Win or lose Halbig, Obamacare wars will continue.

Shikha Dalmia | August 5, 2014

No matter how you feel about Halbig vs. Sebelius—the recent decision that said it was illegal for the government to funnel subsidies to the 36 states that declined to build health care exchanges—the odds that this legal challenge to Obamacare will ultimately prevail in the courts are not that high. But the law’s supporters should brace themselves for even fiercer future battles: Their folly was to pass a complicated and flawed law with zero Republican support, and now they have to contend with full-bore Republican opposition as they try to make it work.

Halbig’s odds of being upheld are low, not because its legal argument is “stupid” or “criminal,” as its opponents claim, but because of courtroom politics.
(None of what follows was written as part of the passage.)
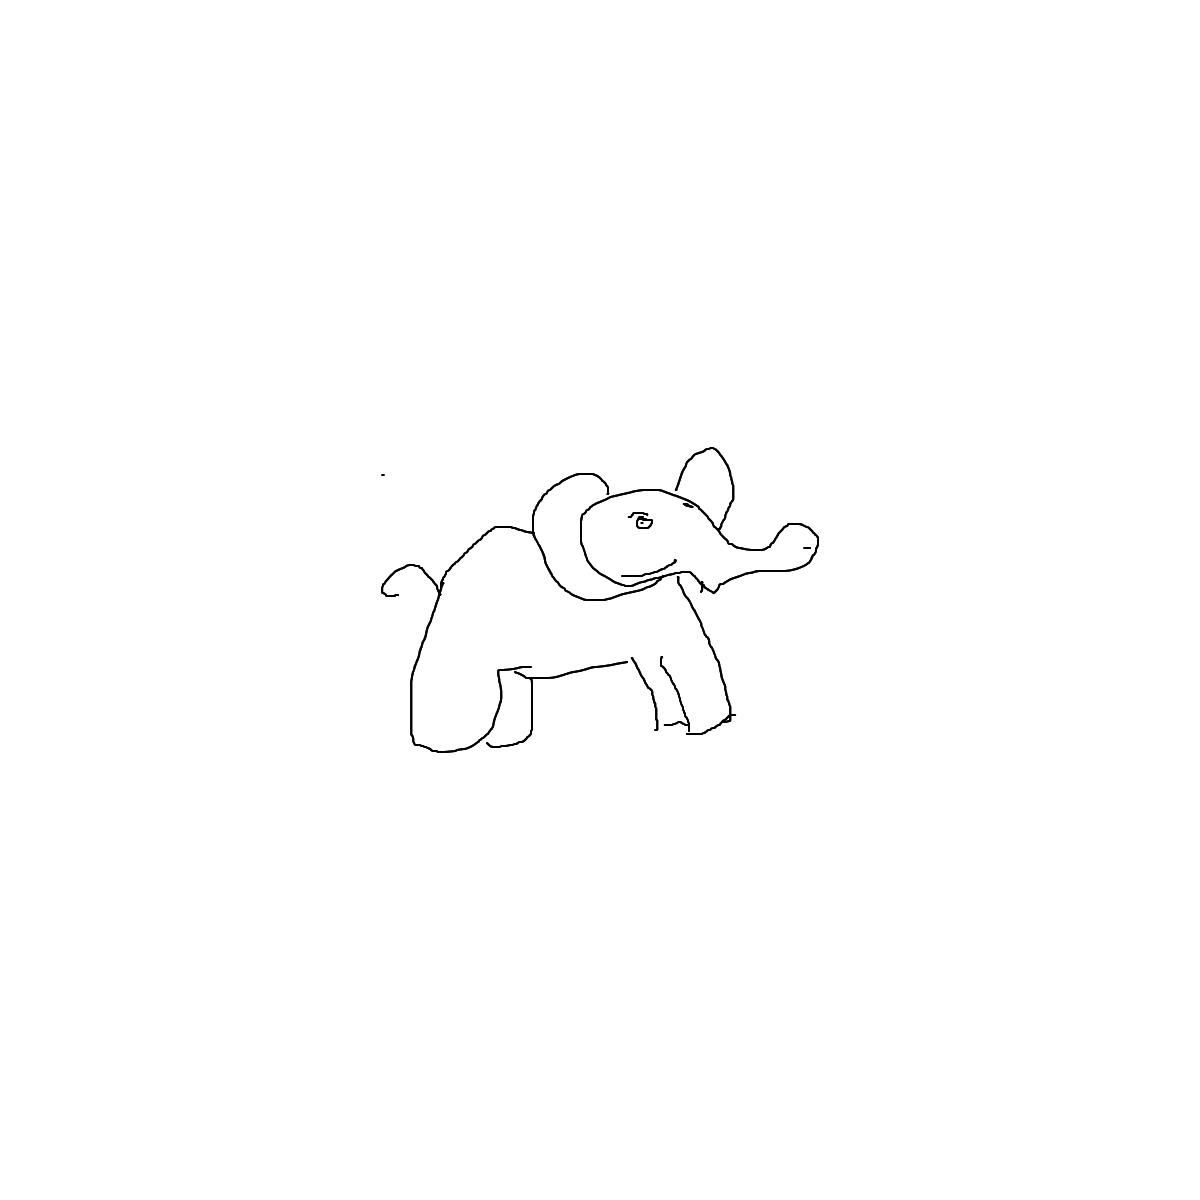 BAAAM drawing#1173 lat:51.6774101257324200lng: 14.3307104110717770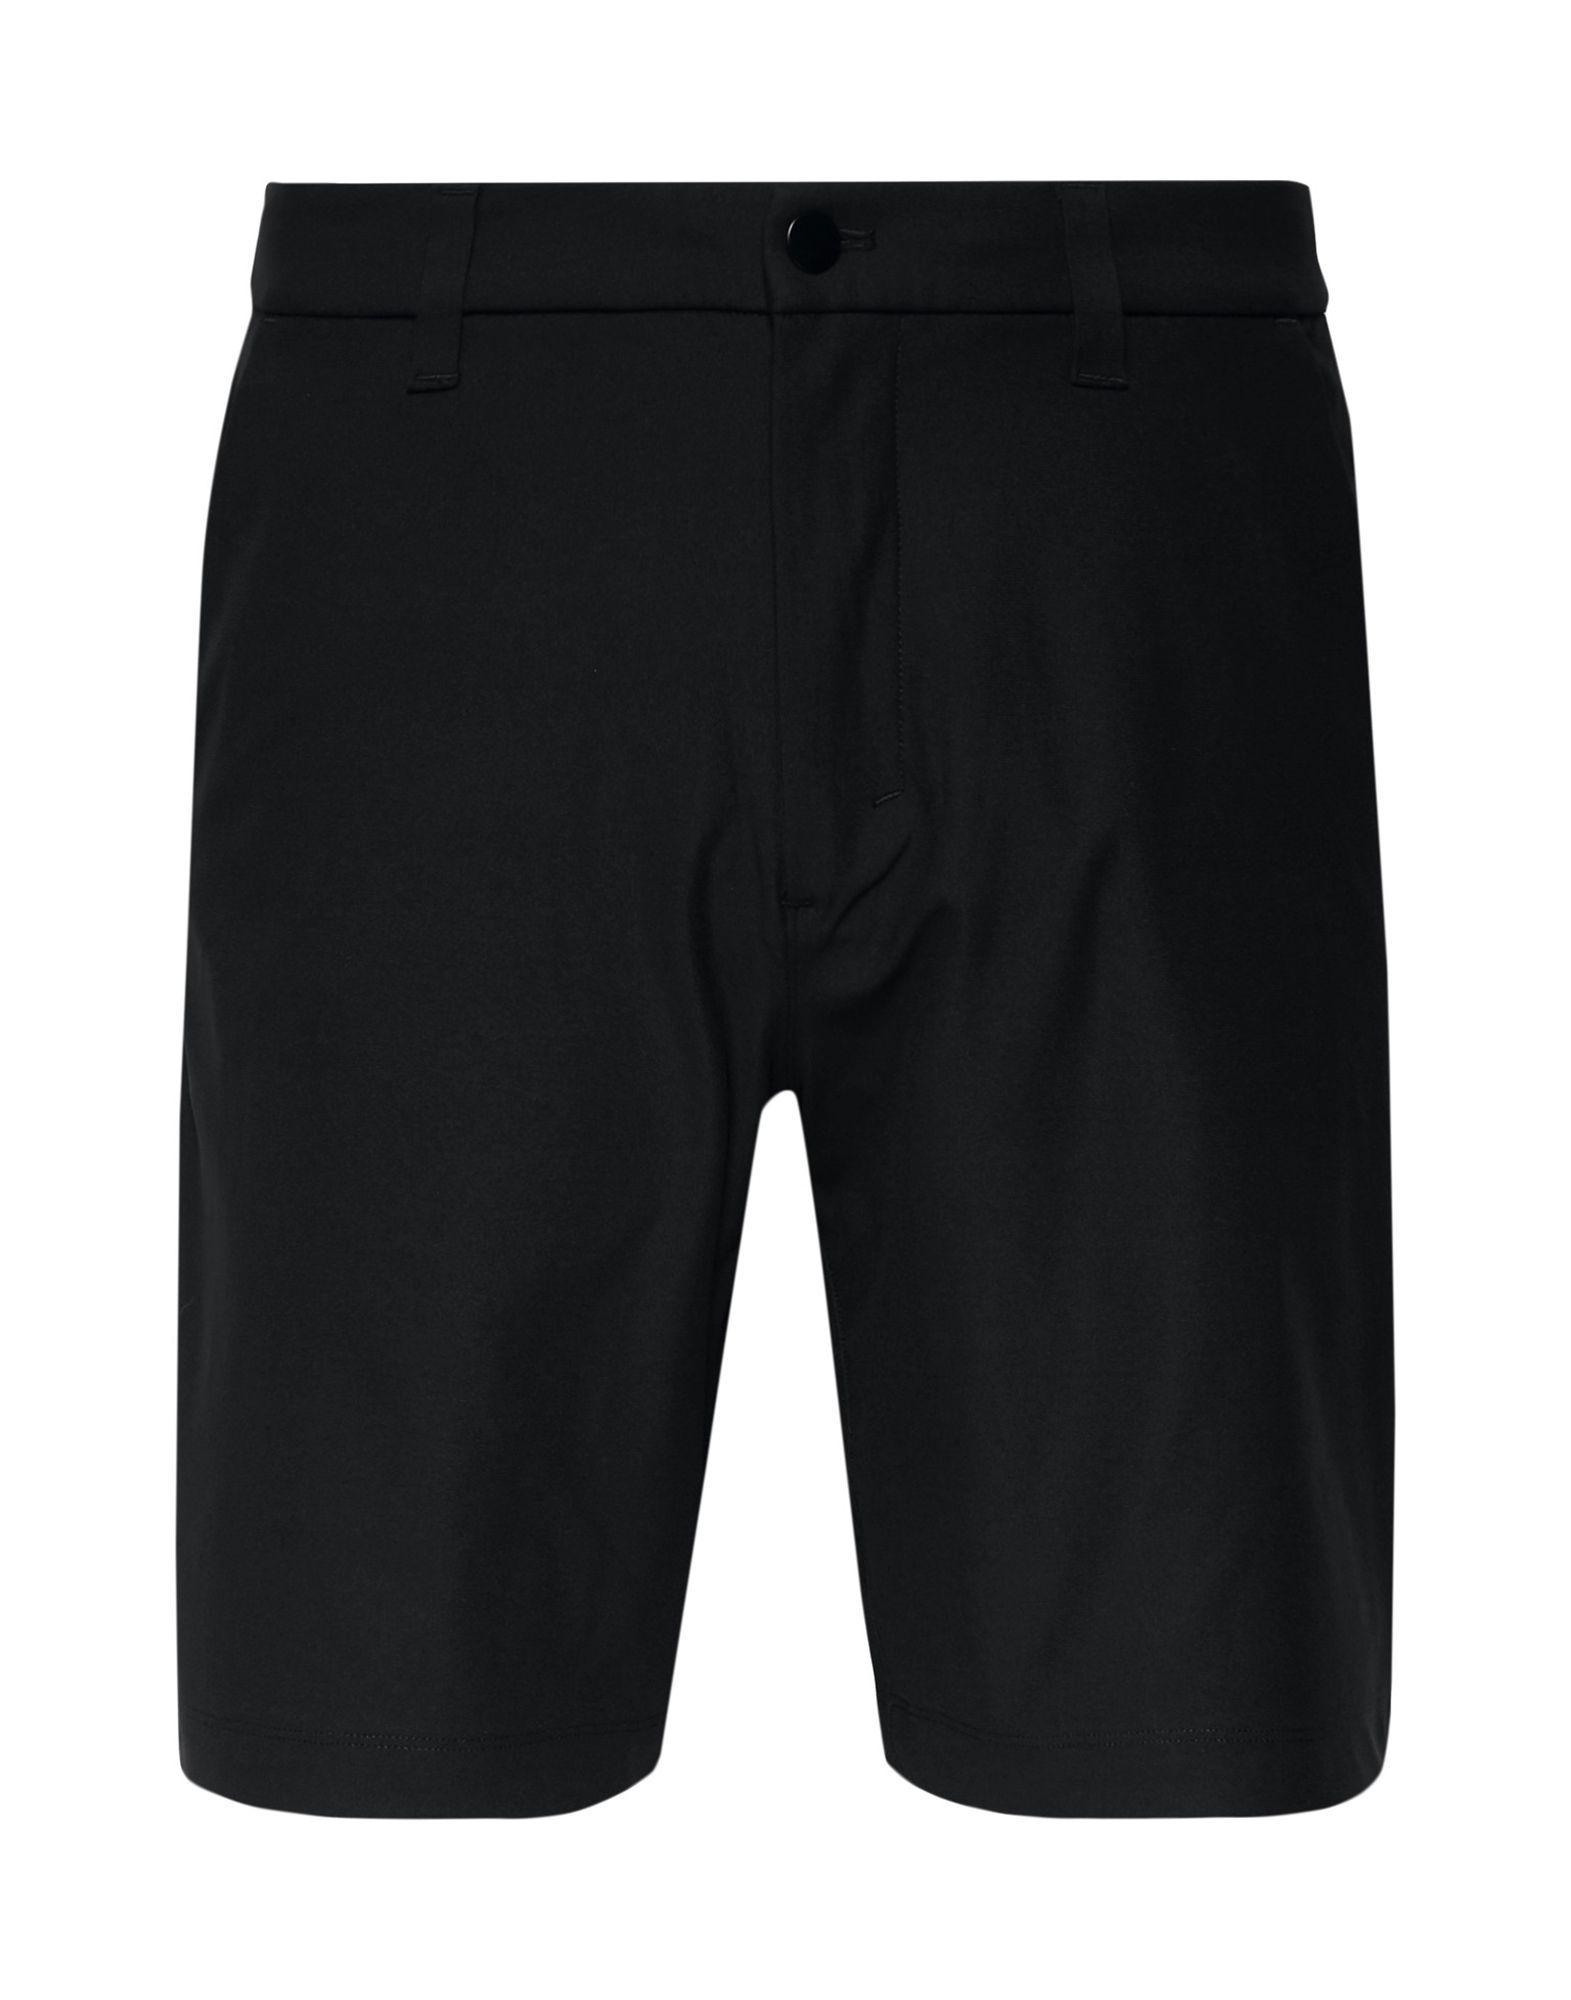 LULULEMON Bermudas. jersey, no appliqués, mid rise, regular fit, basic solid color, button, zip, multipockets. 100% Polyester

Halbig was issued by a three-judge panel of the U.S. Court of Appeals for the District of Columbia Circuit, but the full court tilts heavily liberal, and it is likely to reverse the decision.

Opponents of the law petitioned the Supreme Court last week to rule on the legality of the subsidies while the lower courts are still split. But the politically squeamish Chief Justice John Roberts might prefer to let matters play out at that level rather than jump into a partisan mud fight. (Theoretically, the four conservative justices would be enough to grant certiorari, but unless they know that Roberts will rule with them eventually, they wouldn’t risk egg on their face.)

But that doesn’t mean that Obamacare supporters can take a victory lap. The program’s biggest vulnerabilities are still down the road. And that’s no accident.

The administration postponed implementation of the more painful aspects of the program till after the president is safely out of office—partly through the original law and partly by altering the law through executive fiat.

Thanks to lobbying by labor, the law delayed taxing so-called Cadillac Plans, which benefit union households, till 2018. Likewise, it doesn’t require states participating in the Medicaid expansion to pick up any of the tab for their added costs till 2016.

The penalty for the individual mandate, which starts at $95 per individual and $285 per household, will soar to $695 and $2,085, respectively, by 2016.

But the real danger is the “risk corridor” provision that was meant to backstop the losses of insurance companies so that they don’t pull out, prompting Obamacare’s collapse.

“Risk corridors” essentially cap both the profits and losses that insurance companies can make. A company whose profits are higher than the capped amount has to fork over the excess to one that incurs losses.

In theory, this program, which is also due to expire around 2017, is supposed to be financed by the insurance industry. But the problem is that if the industry as a whole doesn’t make enough profits to offset its losses, then a federal bailout may be necessary when these programs are phased out and their final bill comes due.

The likelihood of a bailout is not as remote as liberals claim, given that 71 percent of the exchange enrollees are older and not as healthy, about 11 points more than optimal according to the administration’s own projections. Indeed, even before many insurersreported lower-than-expected earnings this week, Moody’s had downgraded its outlook for the industry to “negative.”

But the insurer bailout is not the only appropriation battle brewing. In the fairytale that the president told the public, Obamacare wasn’t going to cost taxpayers a “dime” because all of the necessary funds would be obtained from drastic Medicare reimbursement cuts to doctors and hospitals. How drastic? So drastic, notes Forbes analyst Chris Conover, that by 2030 Medicare would be paying providers 60 percent less than what private plans do.